If(!) you are prepared to accept omitting empty lines and ignore
potential exclamation marks and other special character dilemmas, then
with a pure script
@echo off & setlocal enableextensions
enabledelayedexpansion
::
:: Make a test file
set myfile_=MyFile.txt
for %%f in ("%myfile_%") do if exist %%f del %%f
for %%i in (1 2 2 2) do >>"%myfile_%" echo This is line %%i
>>"%myfile_%" echo.
for %%i in (6 6 8) do >>"%myfile_%" echo This is line %%i
::
:: Process
set prev=
for /f "delims=" %%a in ('type "%myfile_%"') do (
set str=%%a
if not [!str!]==[!prev!] echo %%a
set prev=!str!
)
::
:: Clean up
for %%f in ("%myfile_%") do if exist %%f del %%f
endlocal & goto :EOF
The output will be (note the dropping of the empty line)
C:\_D\TEST>cmdfaq
This is line 1
This is line 2
This is line 6
This is line 8
Can this task be solved with a pure cmd script so that the empty
lines are not omitted? Yes, but the solution is a bit kludgy and
complicated. And the issue of the poison characters remains.

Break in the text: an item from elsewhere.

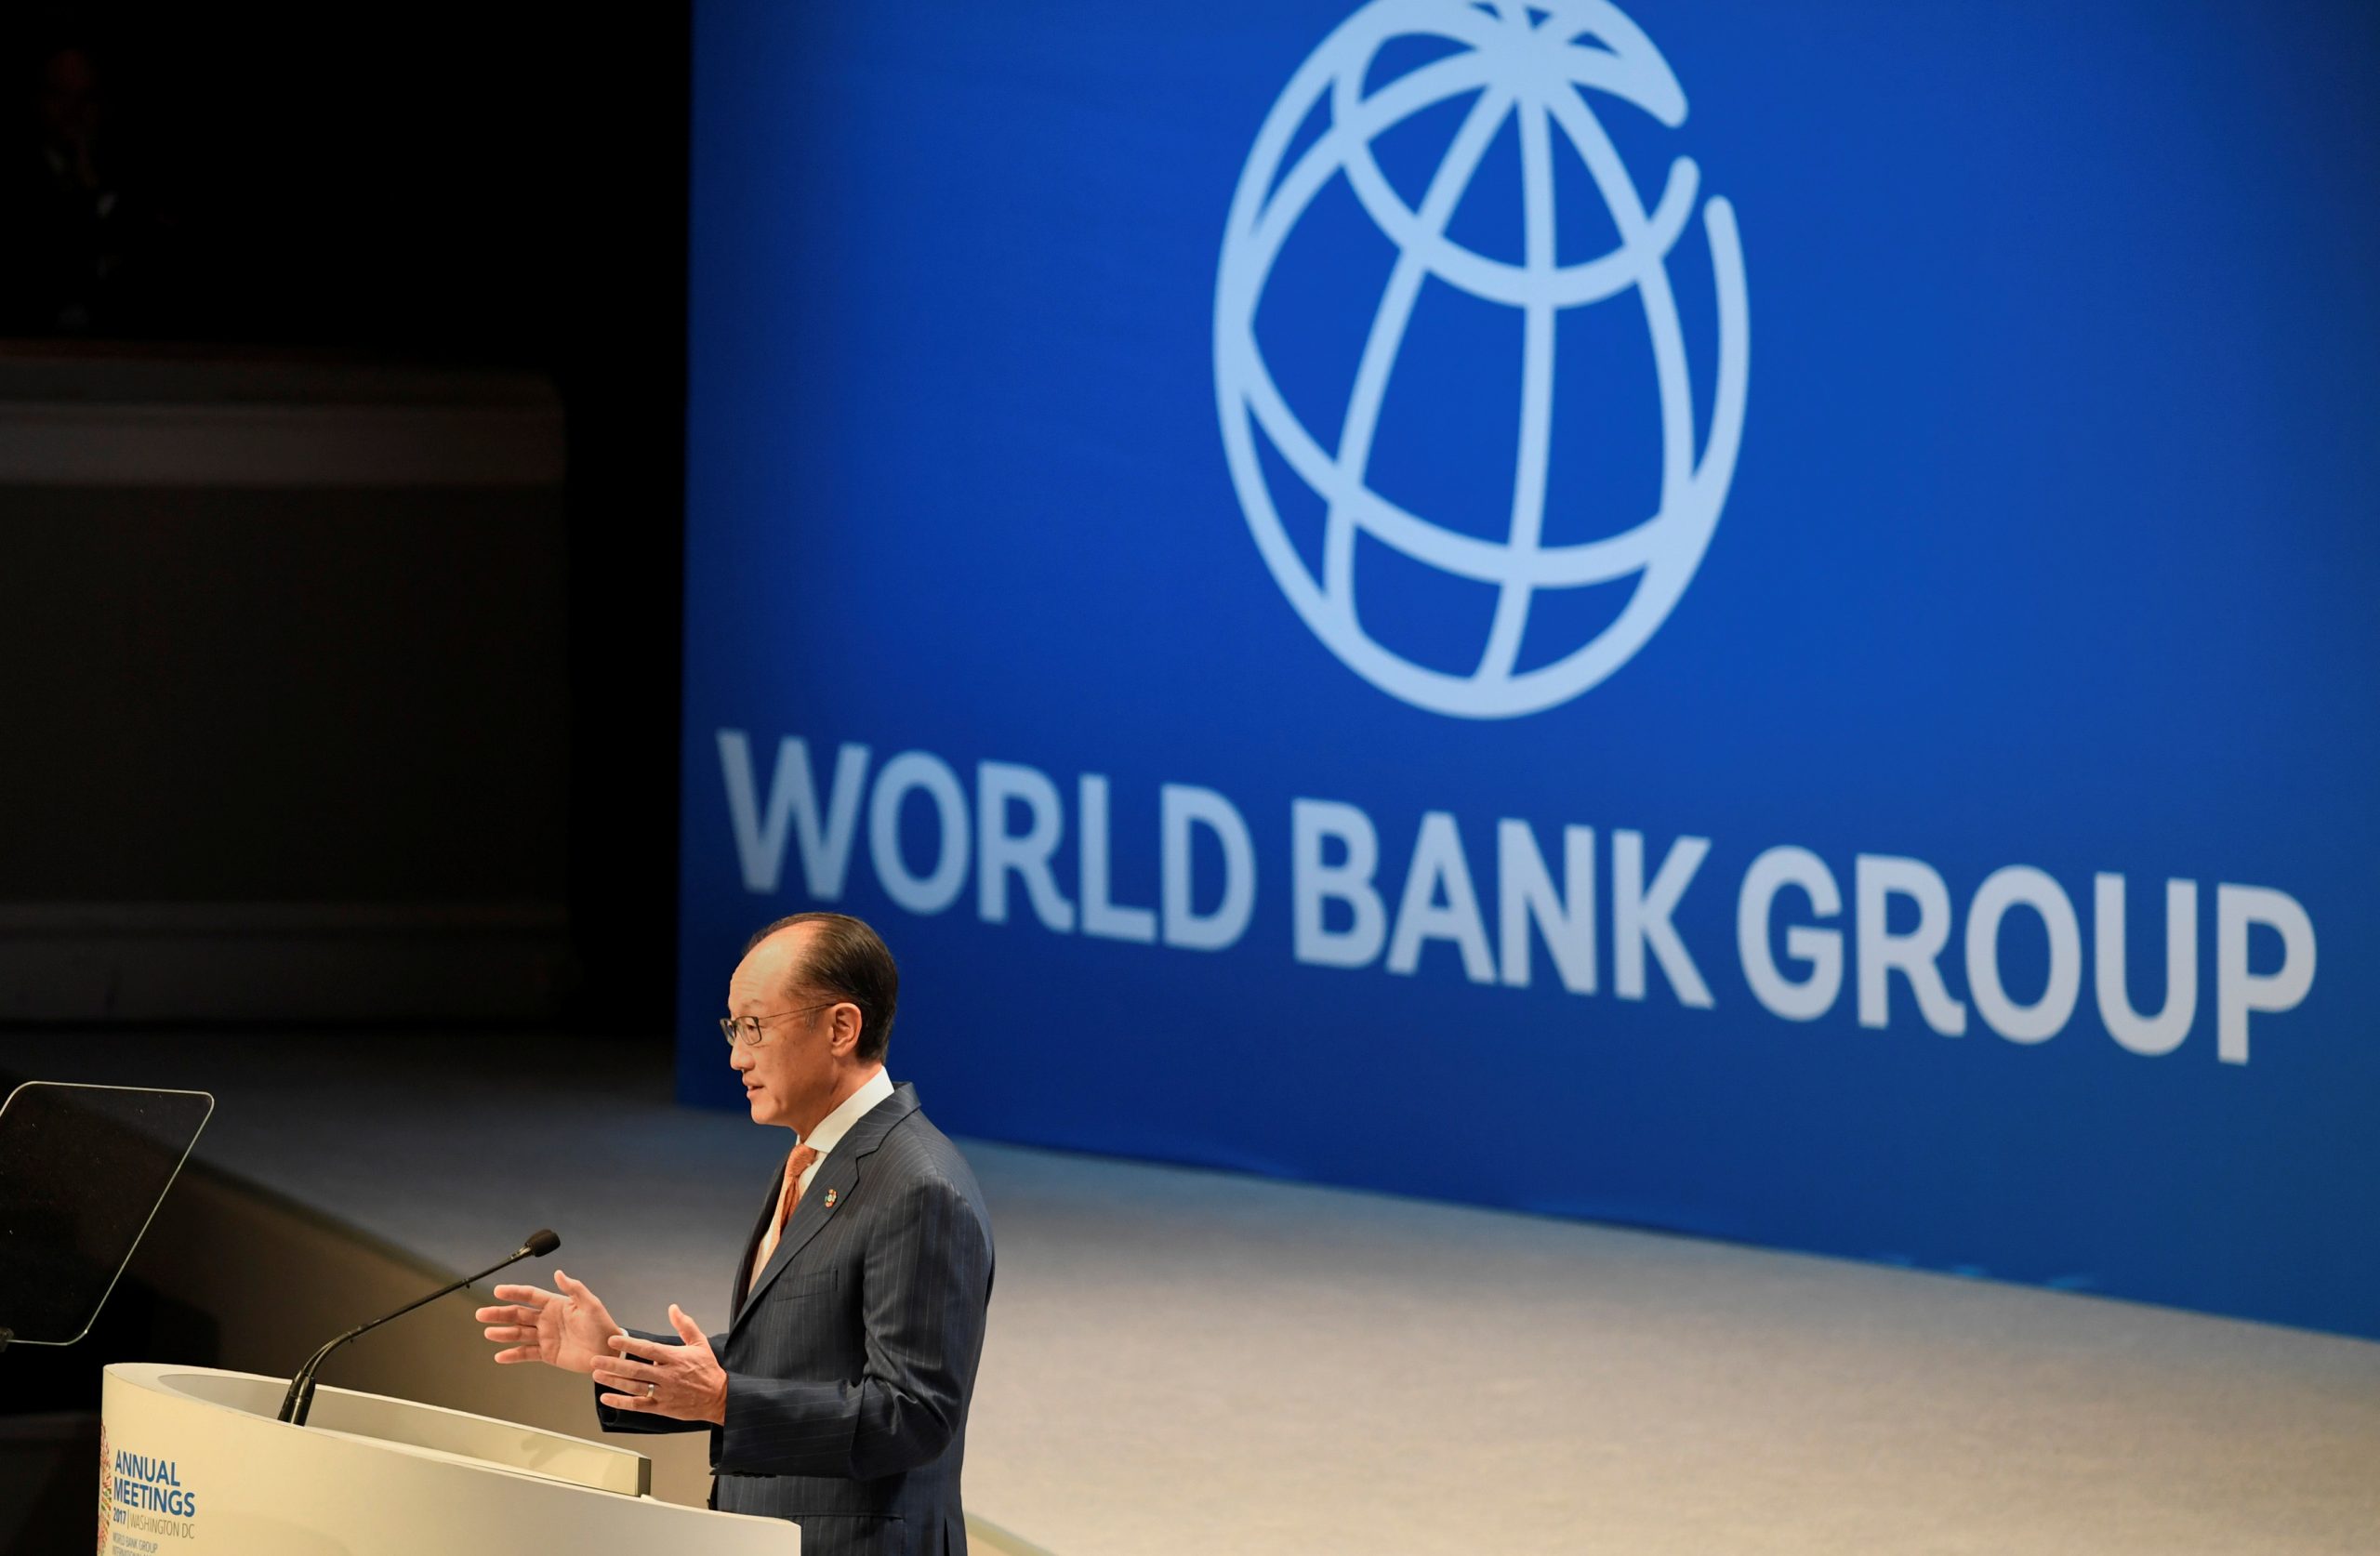 Ngân hàng Thế giới (World Bank) là một tổ chức tài chính quốc tế nơi cung cấp những khoản vay

@echo off & setlocal enableextensions enabledelayedexpansion
::
:: Make a test file
set myfile_=MyFile.txt
for %%f in ("%myfile_%") do if exist %%f del %%f
for %%i in (1 2 2 2) do >>"%myfile_%" echo This is line %%i
>>"%myfile_%" echo.
for %%i in (6 6 8) do >>"%myfile_%" echo This is line %%i
::
:: Process
for %%v in (prev LineCount) do set %%v=
for /f "delims=" %%a in (
'findstr /n /v /c:"SomeUnlikelyString" Myfile.txt') do (
set str=%%a
set /a LineCount+=1
set /a mod = LineCount/10 + 2
call :WriteOneLine "!str!" "!prev!" !mod!
set prev=!str!
)
::
:: Clean up
for %%f in ("%myfile_%") do if exist %%f del %%f
endlocal & goto :EOF
::
:: =============================================
:WriteOneLine
setlocal
set str=%~1
set prev=%~2
set offset=%3
set str=!str:~%offset%!
set prev=!prev:~%offset%!
if not [!str!]==[!prev!] echo.!str!
endlocal & goto :EOF
The output will be
C:\_D\TEST>cmdfaq
This is line 1
This is line 2
This is line 6
This is line 8
There is, however, a concise pure script solution which drops the
duplicate lines irrespective of their location in the original file.
It also drops all the empty lines. Recall that the original test file
is
This is line 1
This is line 2
This is line 2
This is line 2
This is line 6
This is line 6
This is line 8
@echo off & setlocal enableextensions
::
:: Make the test file
set oldfile_=C:\_M\MyOldFile.txt
set newfile_=C:\_M\MyNewFile.txt
for %%f in ("%oldfile_%") do if exist %%f del %%f
for %%i in (1 2 2 2) do >>"%oldfile_%" echo This is line %%i
>>"%oldfile_%" echo.
for %%i in (6 6 8) do >>"%oldfile_%" echo This is line %%i
::
:: Start from scratch
for %%f in ("%newfile_%") do if exist %%f del %%f
::
:: Pick unique lines from the original file, i.e. our test file
for /f "tokens=* delims=" %%a in ('type "%oldfile_%"') do (
find /i "%%a" "%newfile_%">nul
if errorlevel 1 echo %%a>>"%newfile_%"
)
::
:: Display the result
type "%newfile_%"
endlocal & goto :EOF
The output will be
C:\_D\TEST>cmdfaq
File not found - C:\_M\MYNEWFILE.TXT
This is line 1
This is line 2
This is line 6
This is line 8
Note using
if errorlevel 1 instead of
if !errorlevel! GTR 0 to avoid the need
of using an enabledelayedexpansion.
To put things in perspective. By quite a coincidence I needed the
other day to perform that task myself combining two lists of
newsgroups and then removing the duplicates. I didn't have to think
for one second which route to take when the situation came up for
real. Skipped all the nice and fancy scripts and chose the UNIX port
uniq.exe without any hesitation.
Also see
Item #162.
It includes the reverse task of listing duplicate lines.